[Assignment]: Starting at the line that contains "Genuine and organic" and stopping at the line that contains "Finnish Märta Blomstedt", transcribe every line of the material below exactly; pictures stay out.

[Records shown]:
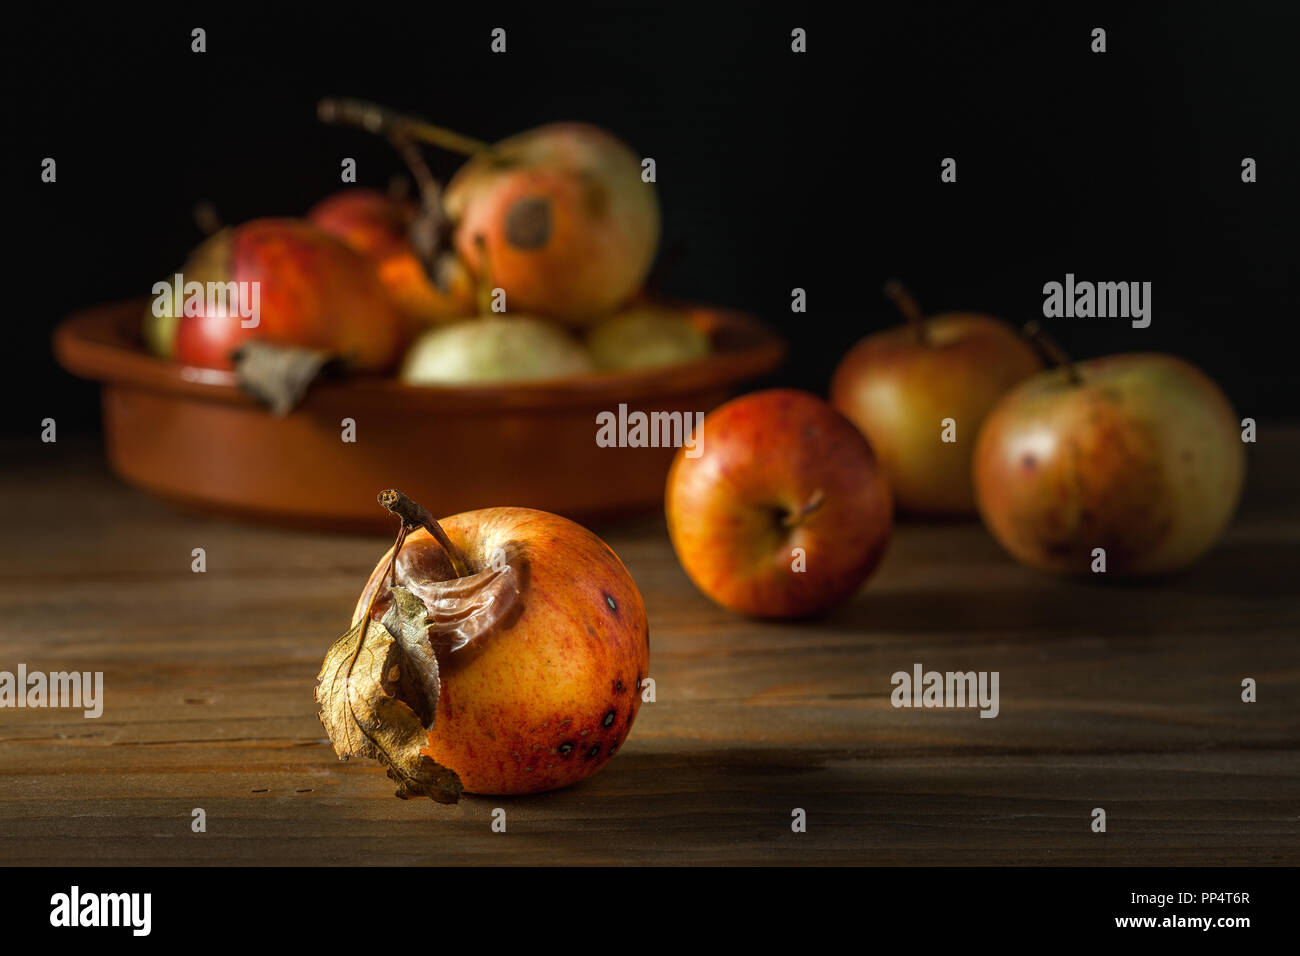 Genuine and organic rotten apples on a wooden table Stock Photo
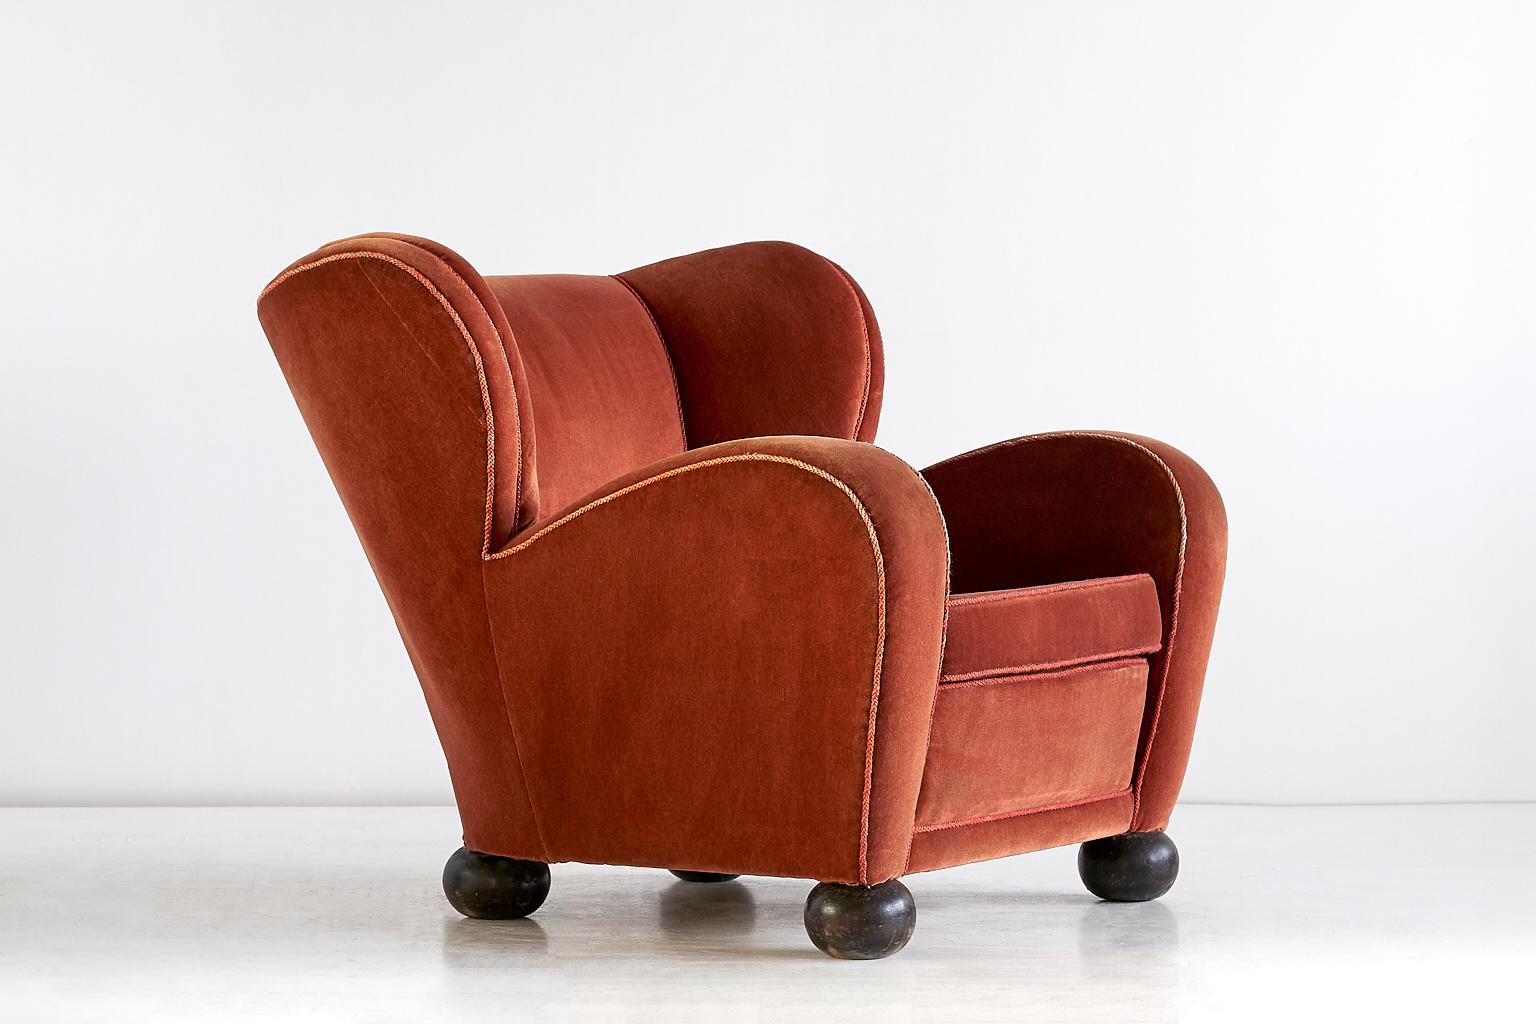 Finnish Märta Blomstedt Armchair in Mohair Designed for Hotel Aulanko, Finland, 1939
==
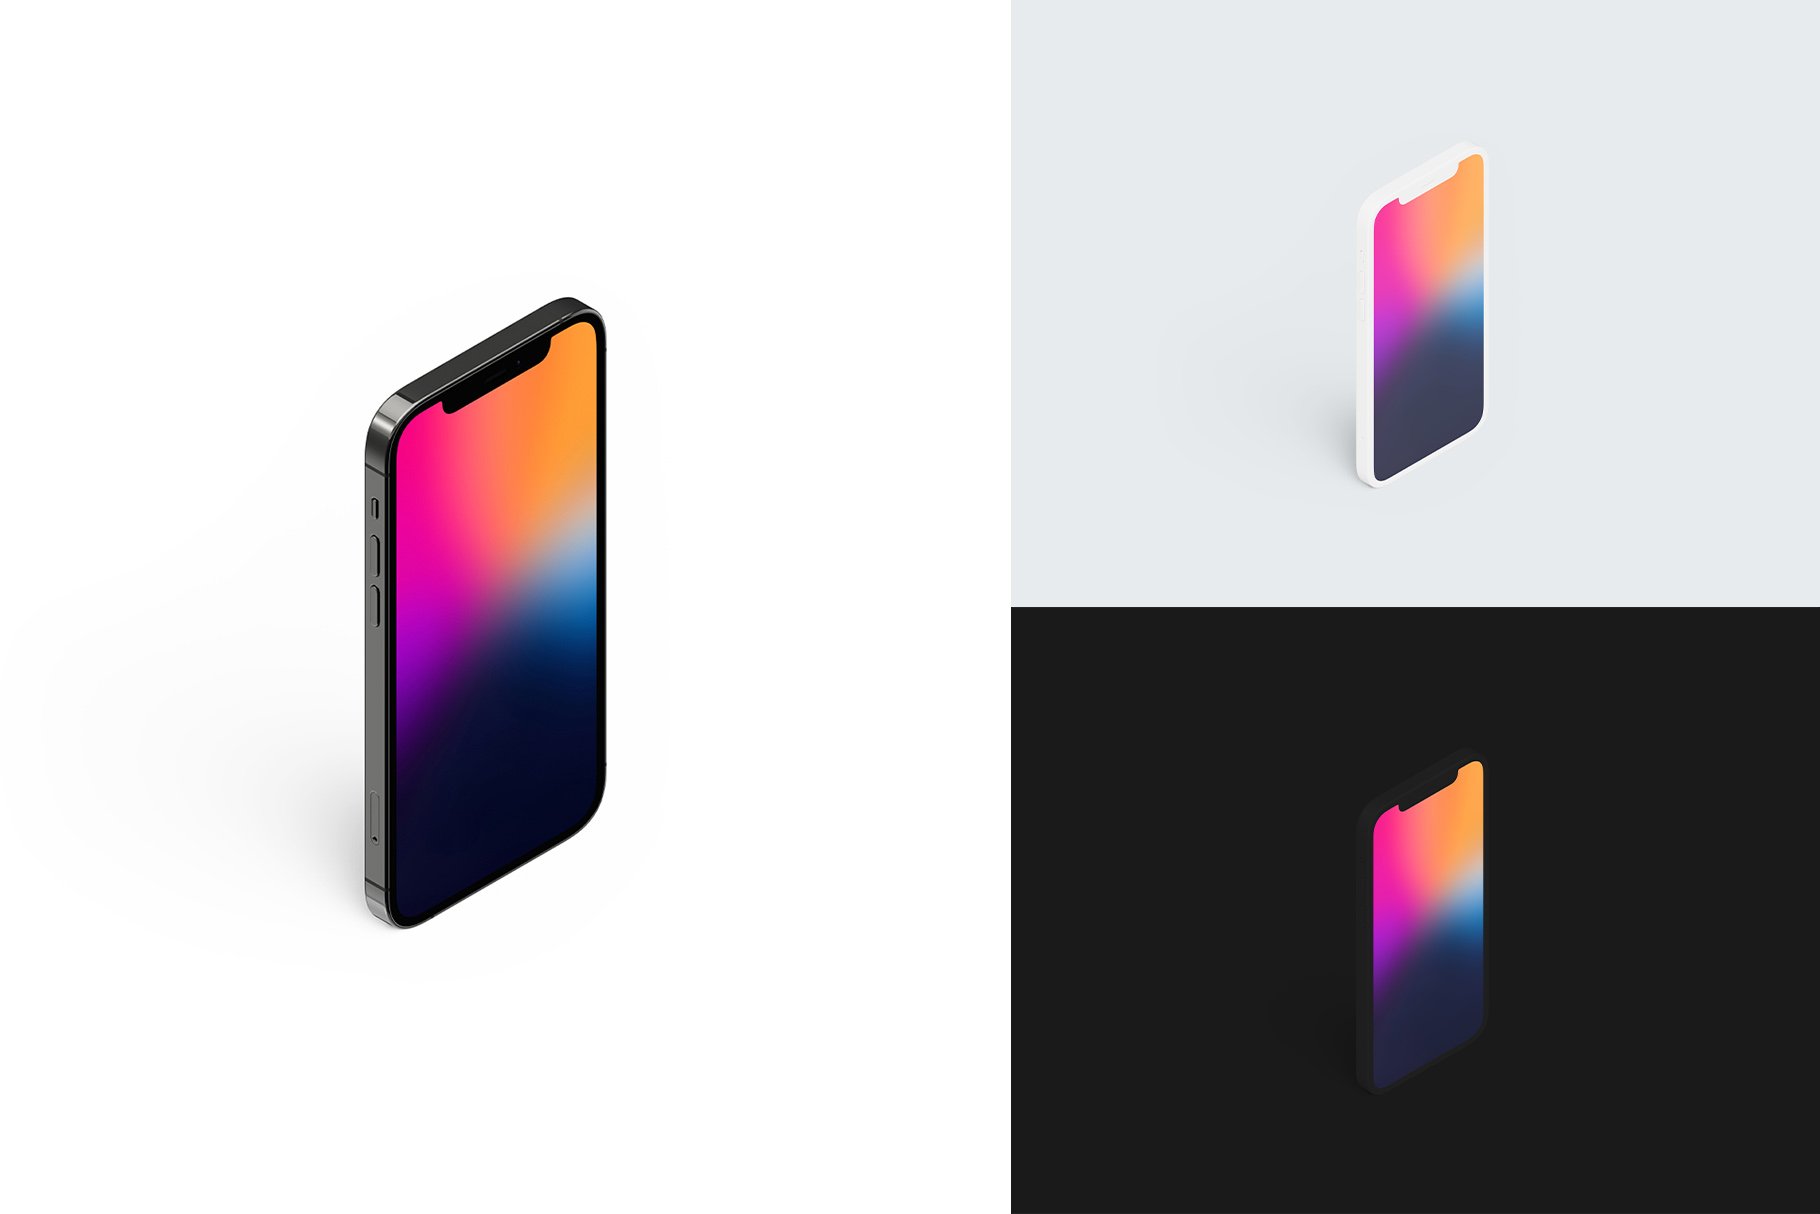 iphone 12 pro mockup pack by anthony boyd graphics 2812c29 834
---
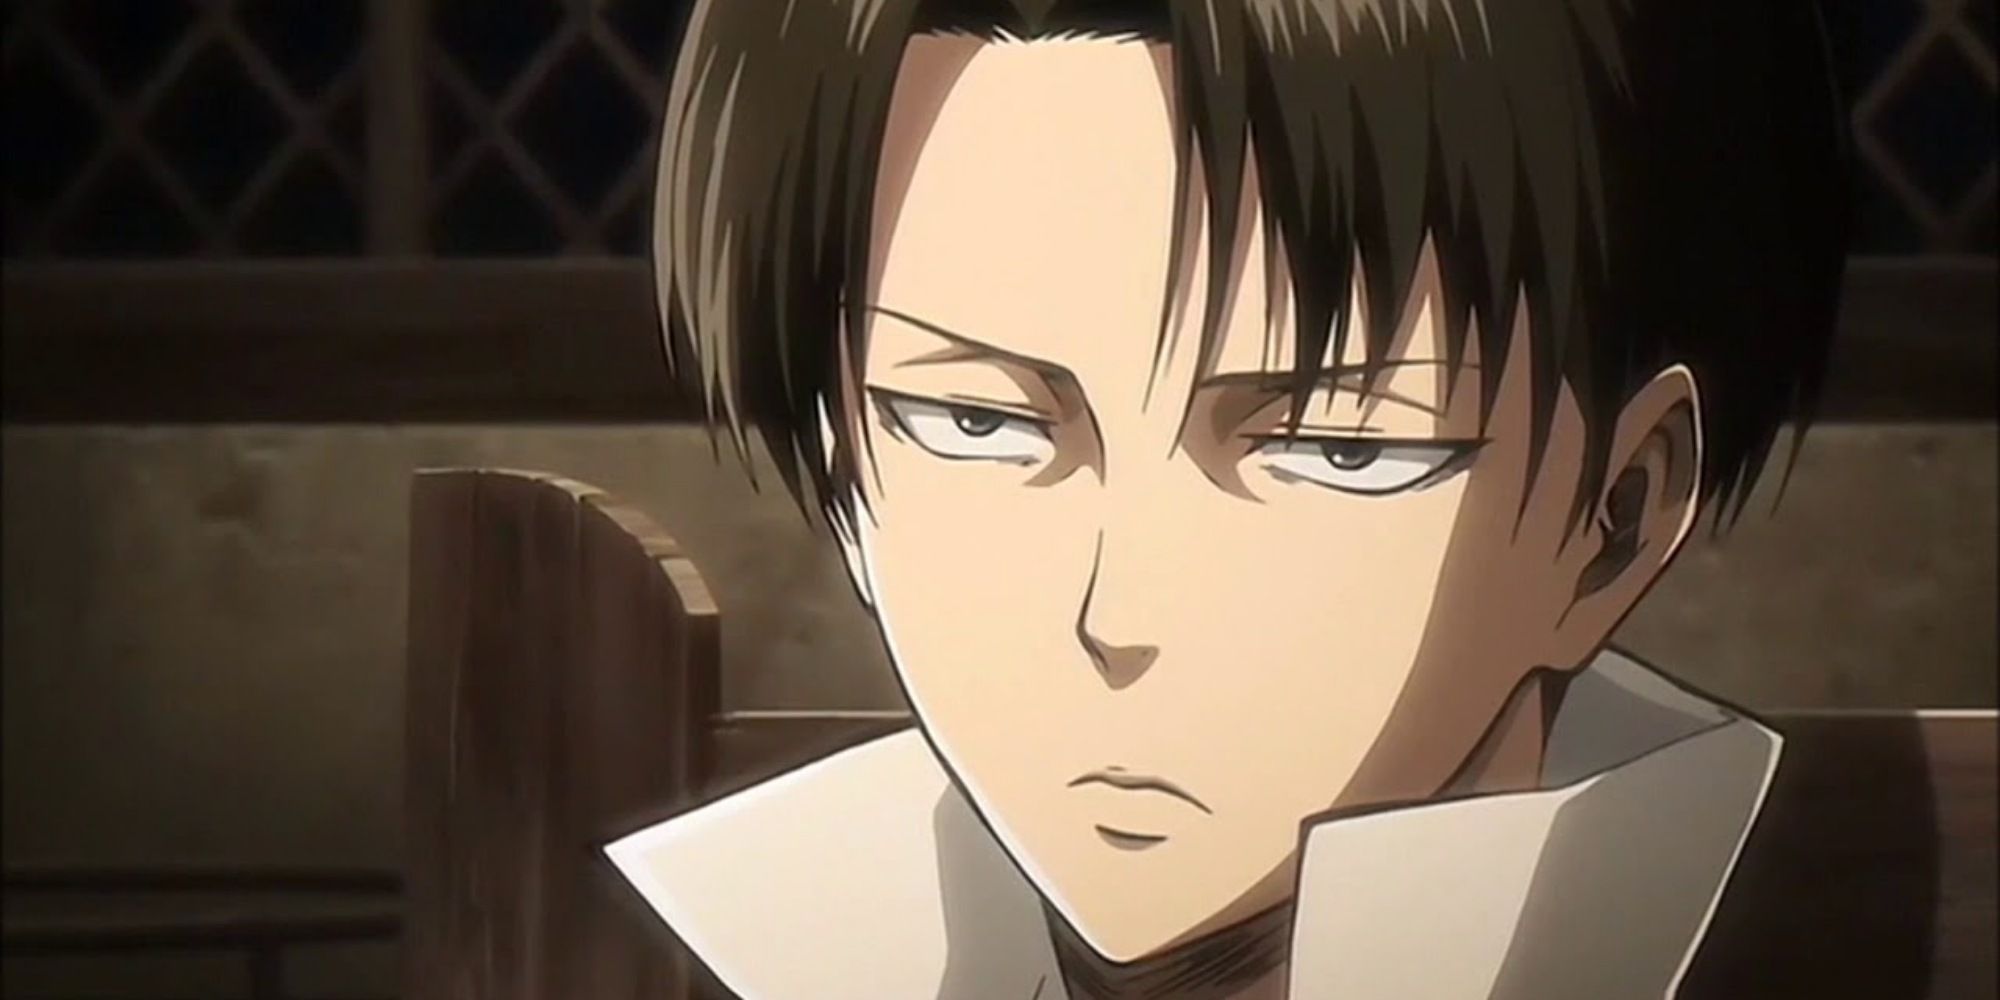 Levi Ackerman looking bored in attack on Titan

[Task response]:
 Genuine and organic rotten apples on a wooden table Stock Photo
 Finnish Märta Blomstedt Armchair in Mohair Designed for Hotel Aulanko, Finland, 1939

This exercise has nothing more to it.